# 32 billion dollars for Arm



## Phishfry (Jul 23, 2016)

Something tells me ARM royalties are going up..
http://www.fool.com/investing/2016/07/21/softbanks-big-bet-on-arm-holdings-could-hurt-intel.aspx


----------



## Murph (Jul 25, 2016)

As a former small shareholder of Acorn, who made some money off the original ARM bubble, before it was spun off, I'm saddened to see the company essentially lose its independence.  I struggle to see how this deal actually provides anything useful to the future of the technology, as the company is already quite successful and innovative on its own, appearing to be both quite financially healthy and with sufficient resources to keep pushing forward at an acceptable rate.

As far as royalties going up is concerned, my guess would be that the existing major licensees likely have their royalties mostly locked in somewhere close to current rates with only modest increases over time.  Aside from that, if SoftBank want to achieve their stated volume goal, a cash grab on royalties would be very much the wrong direction.  Right now, there's considerable potential for 64-bit ARM to make a major impact into Internet servers (particularly in some areas of the cloud space, where there is much less architecture lock-in to x86), and a significant part of that potential comes from the low cost of the CPUs.  To me, the sensible route is to keep the cost model down at its current quite modest level, so that it is a very attractive proposition to produce and deploy those chips in the huge volumes talked about.

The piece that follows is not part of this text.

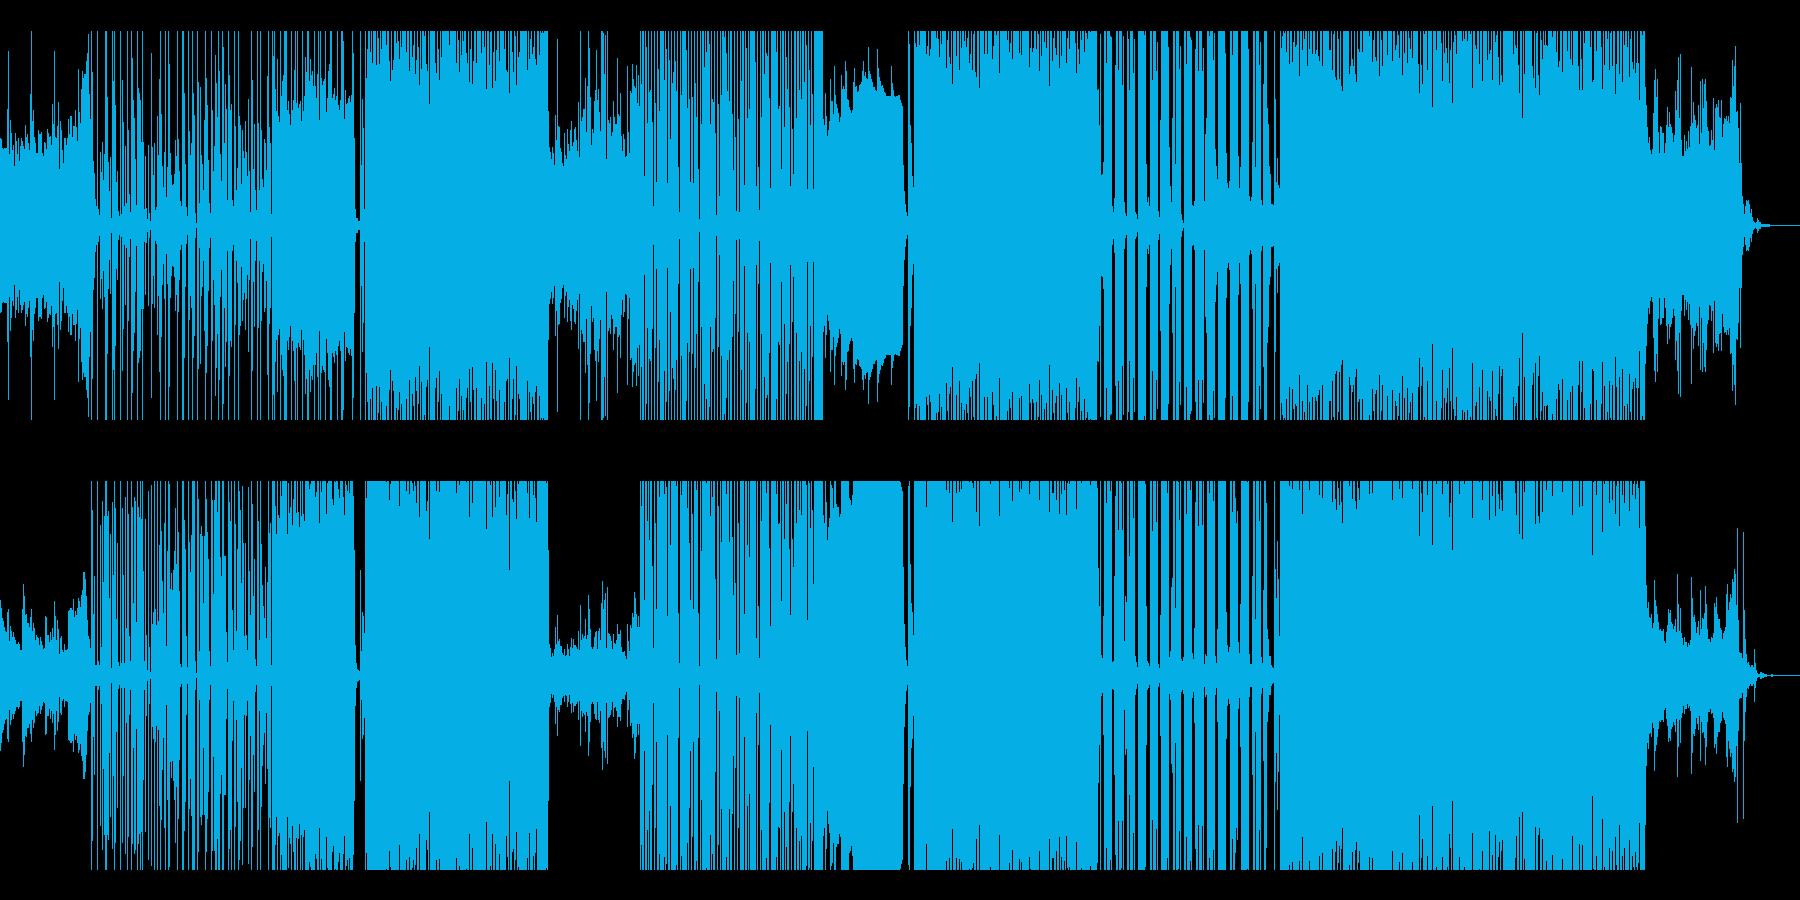 ピアノ中心疾走感メロディアスな企業VPの再生済みの波形

It does cost relatively big money to keep rolling out new updates to the architecture, but ARM Ltd has a per-unit cost of zero on the actual chips being sold.  It is very much in their interests to see huge volumes being shipped for a fairly small royalty, as that gives them a greater chance of eating away at the market share of much more costly chips (which also cost much more per design iteration).  Part of that huge volume has to come from large volumes of low cost devices (including the current Internet of Things buzzword / concept), which essentially makes a very low cost CPU a hard requirement.

Bottom line: A major part of ARM's success is down to the low cost model.  I can't see changing that model as being a good thing for anyone involved in it (ARM Ltd, SoftBank, the chip vendors, or the people deploying the chips).


----------